Уордл и Коулмен вежливо улыбнулись; мы все трое едва заметно подмигнули друг другу: избранные школьники в кабинете директора, приглашенные показать, чего они стоят. Время Файфшира дорого – дороже, чем время большинства людей; надеюсь, он не сочтет это время потраченным зря.
– Можно начинать? – спросил я.
Файфшир кивнул. Уордл включил экран, а Коулмен нажал кнопку воспроизведения на видеомагнитофоне.
На фоне Красной площади в Москве в поле зрения камеры вошел сэр Айзек Квойт в макинтоше «Берберри» поверх костюма. Встал так, чтобы его было видно целиком, и остановился.
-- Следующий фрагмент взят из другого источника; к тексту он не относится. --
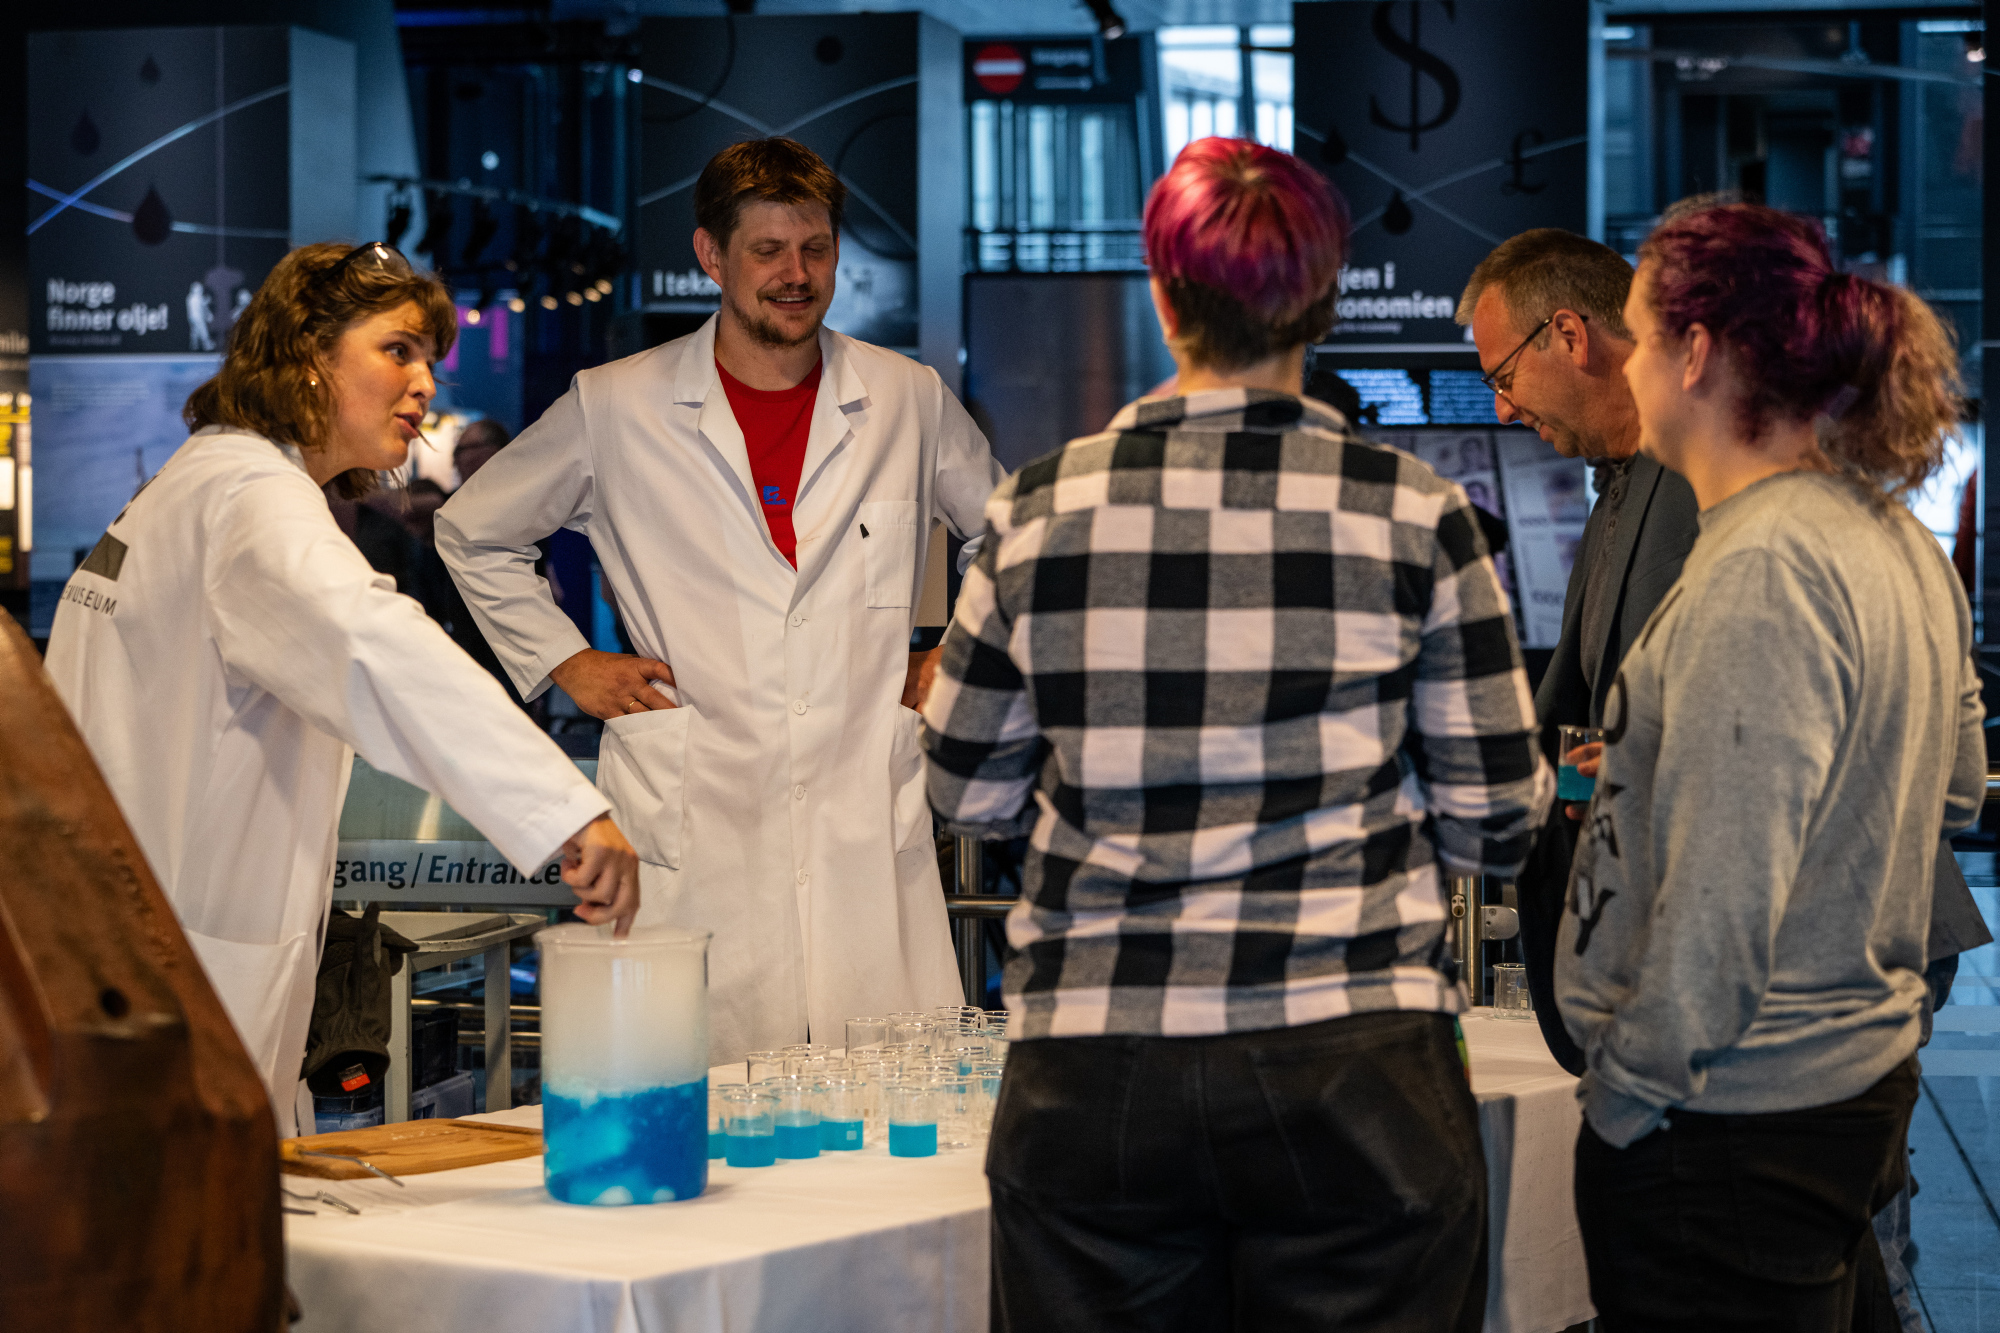 To personer i hvite labbfrakker serverer blå drikke i reagenskopper til publikummere
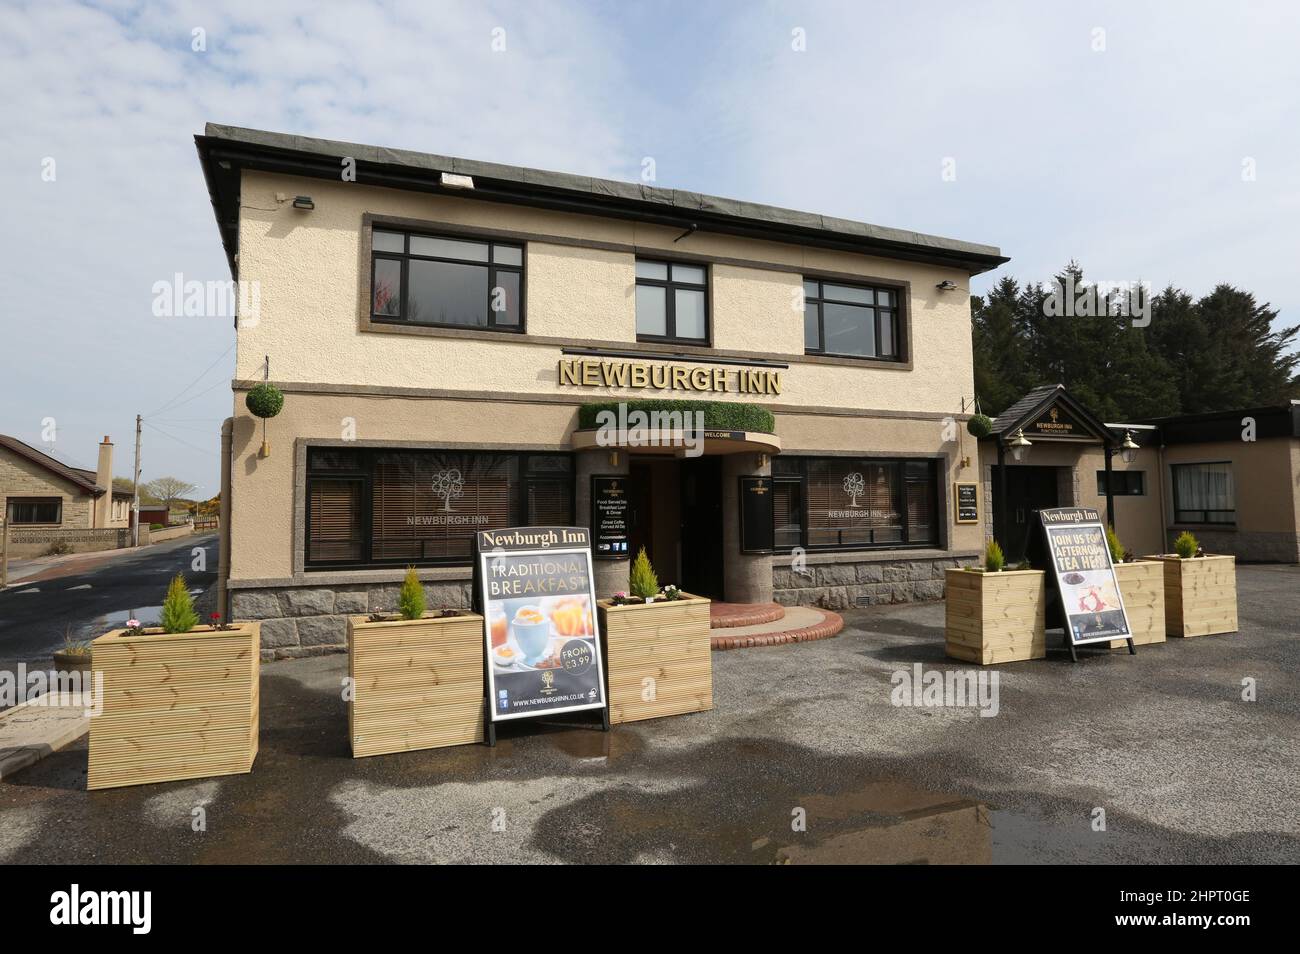 El Newburgh Inn pub y hotel en la localidad costera de Newburgh, Aberdeenshire, Escocia Foto de stock

– Здравствуйте, – заговорил он. – Я сэр Айзек Квойт, глава Управления по атомной энергетике Великобритании. Для тех, кто не слышал об этой организации, поясню: она отвечает за развитие атомной энергетики в Соединенном Королевстве. Сейчас я нахожусь здесь, в России, поскольку ни в Англии, ни где-либо еще в свободном мире не чувствую себя в безопасности. Возможно, вы спрашиваете себя, не сошел ли я с ума. Ответ: нет, не сошел. Но я устал лгать вам, британскому обществу, устал кормить вас бесконечной мешаниной из перевранных цифр и заявлений подкупленных ученых, за мзду твердящих то, во что сами не верят. Я устал возглавлять не серьезную организацию, а пропагандистскую машину, запущенную правительством, чтобы прикрыть нашу полную неспособность понять последствия и угрозы ядерной мощи, прикрыть тот факт, что мы преступно переоцениваем потребность нашей страны в электричестве как в краткосрочной, так и в долгосрочной перспективе, и, что еще преступнее, недооцениваем стоимость производства этого электричества. Коротко говоря: я устал лгать о том, что ядерная энергия безопасна и дешева. Она неимоверно опасна – и не только потому, что почти полностью ответственна за все возрастающее в последние двадцать лет количество смертей от рака. Она способна стереть – и рано или поздно наверняка сотрет – с лица земли всю нашу страну. А стоимость атомной электроэнергии в ближайшие пять лет возрастет в восемь раз сравнительно с электроэнергией, получаемой обычными путями. Вся та ложь, которая выливается на вас, призвана спасти лицо правительства и рабочие места тысяч людей, трудящихся в сфере атомной энергетики. По поводу рабочих мест могу сказать, что обычные методы получения электроэнергии, вместе с изучением и развитием новых методов, создадут их гораздо больше, чем создают атомные электростанции сейчас.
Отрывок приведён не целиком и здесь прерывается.